As he inspects the site, which will include a preschool, Hebrew school, senior citizen center and offices, he is greeted fondly by the office staff and contractors.

“I can’t imagine doing anything other than this,” Jeannette says as he views the plans for the complex. “I have to say it’s the best job in the world, and the great thing is, it’s a family affair. We have to pinch ourselves often.”

(BEGIN TEXT OF INFOBOX / INFOGRAPHIC)

Brion S. Jeannette

Age: 48.

Native: Yes--born in Los Angeles; raised in Bellflower; lives in Newport Beach.

Family: Married to Bonnie; two sons, Jeff, 24, and Erik, 22.

Passions: Trout fishing, camping, traveling, skiing, running.

His biggest disappointment: After his firm was selected over dozens of others to design the UC Irvine chancellor’s house, the project was terminated because of funding problems and concerns over gnatcatcher habitat.
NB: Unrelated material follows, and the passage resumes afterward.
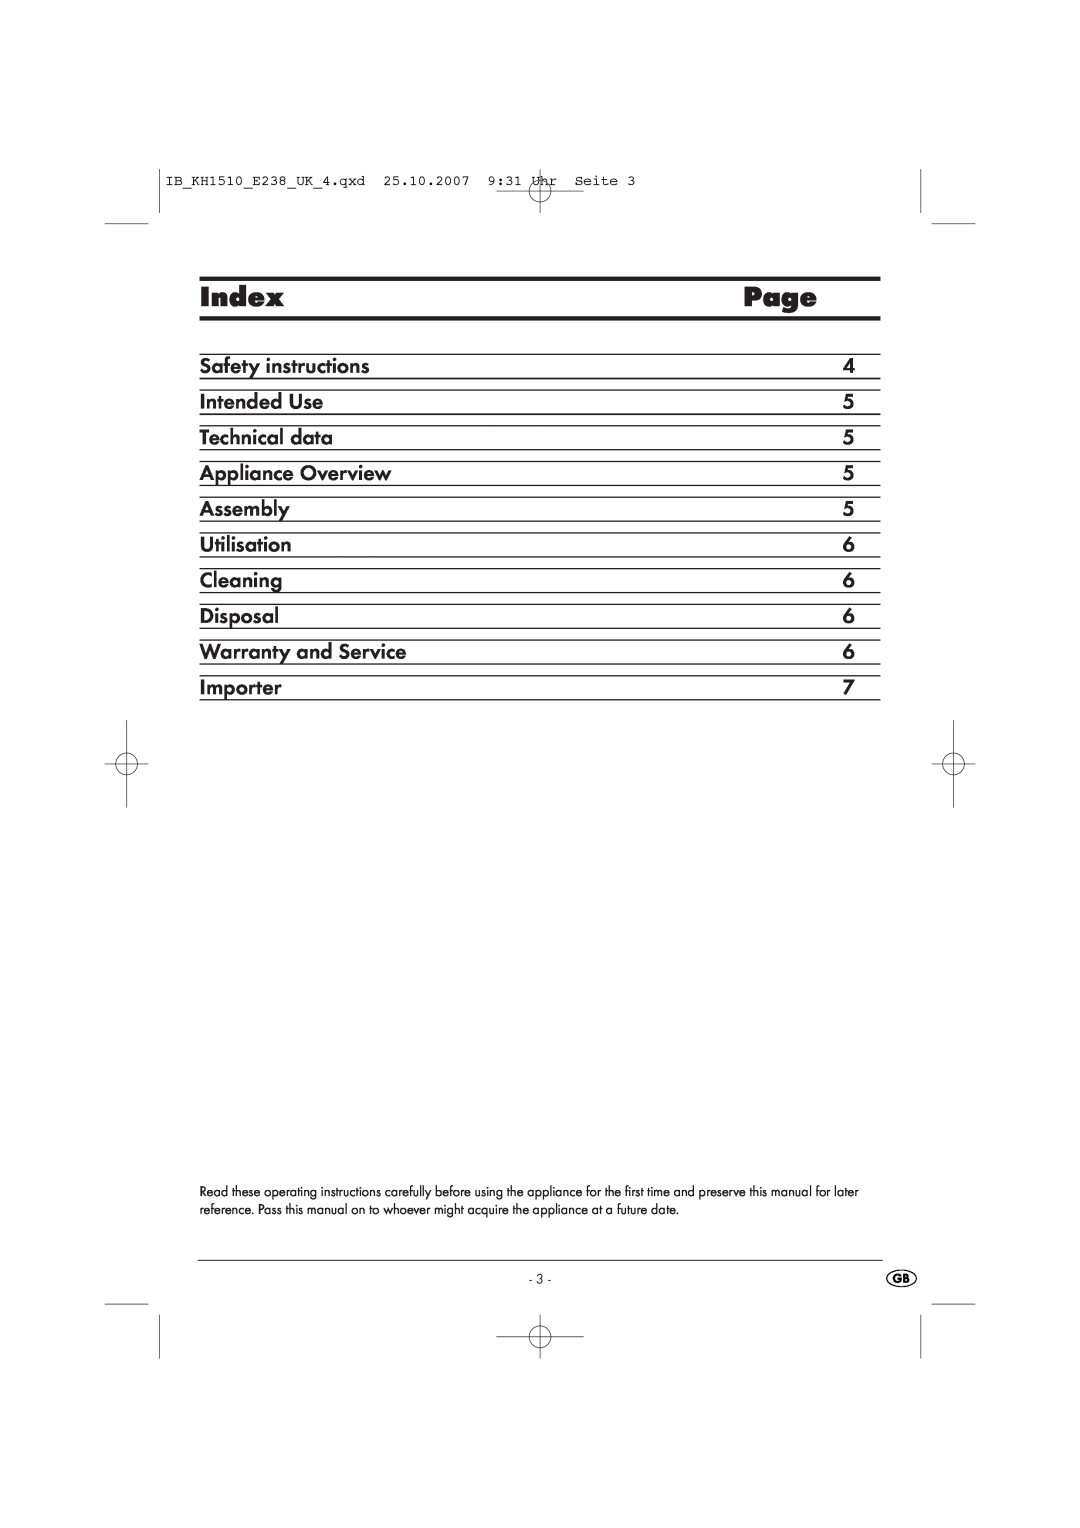 Kompernass KH 1510 manual Index, Page

On remodeling and marriages: “We’ve only had one case that actually resulted in a divorce. Unless you really know how to handle not only the clients but the contractors . . . some people can just go sideways on you. I didn’t get training in marriage counseling in college. My job is to make sure that we level off these sticky or messy areas and get everyone working in the same direction.”

On working closely with family members: “Architecture is fluent in our house. It’s impossible to turn off. Bonnie is instrumental in the business; she understands it. She’s as absorbed as I am. Now, watching Jeff mature as an architect is extremely satisfying. We’re all in the industry in some sense.”